Journal of the Mexican Chemical Society, vol. 65, no. 3, 2021

Sociedad Química de México A.C.

Nancy Vara-Gama

Universidad Nacional Autónoma de México, Mexico

Kenneth Rubio Carrasco

Universidad Nacional Autónoma de México, Mexico

Adrián Espinoza-Guillén

Universidad Nacional Autónoma de México, Mexico

Lena Ruiz-Azuara

Universidad Nacional Autónoma de México, Mexico

Inés Fuentes-Noriega *

Universidad Nacional Autónoma de México, Mexico

Received: 19 November 2020

Accepted: 02 March 2021

Funding

Funding source: UNAM

Contract number: 221118

Abstract: In the present work, the physicochemical (pka, intrinsic solubility, Log D distribution coefficient) and biopharmaceutical characterization (IC50 studies in MDCK cells) of Casiopeina III-Ea, a Cu (II) mixed chelate compound, was carried out. These parameters will tell us about the behaviour of Casiopeina III -Ea, as a new antineoplastic agent, in physiological media. This basic research of the Faculty of Chemistry of the UNAM, is directed towards the maturation of a technology, which consists of the pharmaceutical development of an antineoplastic copper coordination compound Casiopeina III-Ea.
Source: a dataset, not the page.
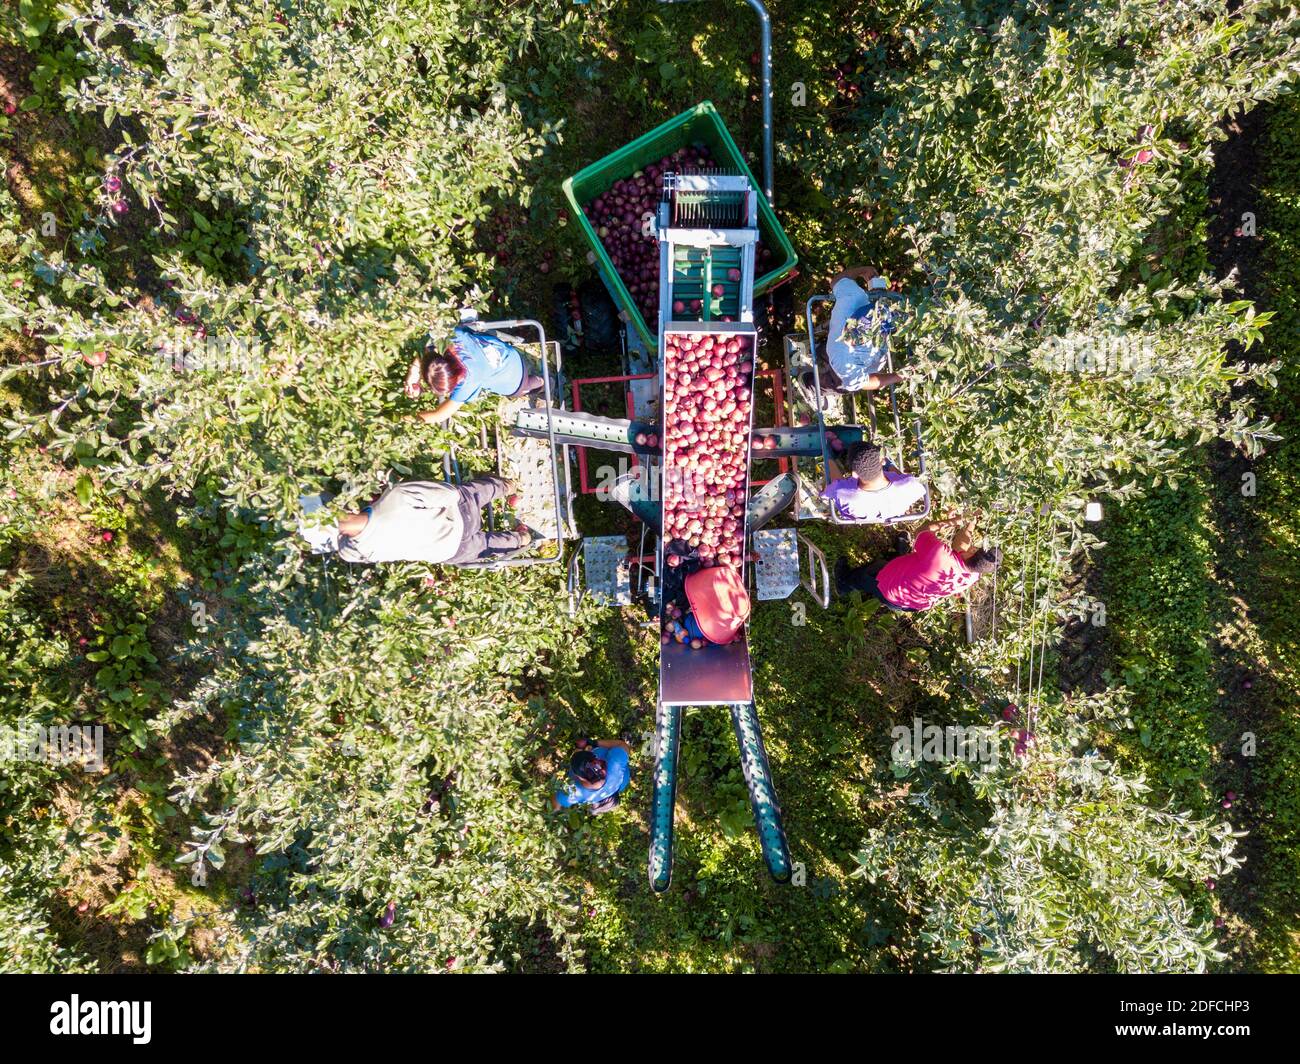 Workers picking apples during harvest using automatic machine seen from above, Valtellina, Sondrio province, Lombardy, Italy Stock Photo

Keywords: Casiopeina III-Ea, physicochemical properties, IC50, MDCK cells, copper.

Resumen: En el presente trabajo se realizó la caracterización fisicoquímica (pka, solubilidad intrínseca, coeficiente de distribución Log D) y biofarmacéutica (estudios IC50 en células MDCK) de Casiopeina III-Ea, un nuevo compuesto quelato mixto de cobre (II). Estos parámetros nos dirán mucho sobre el comportamiento de Casiopeina III -Ea, como un nuevo agente antineoplásico, en medios fisiológicos. Esta investigación básica de la Facultad de Química de la UNAM, está dirigida hacia la maduración de una tecnología, que consiste en el desarrollo farmacéutico de un compuesto de coordinación antineoplásico de cobre Casiopeina III-Ea.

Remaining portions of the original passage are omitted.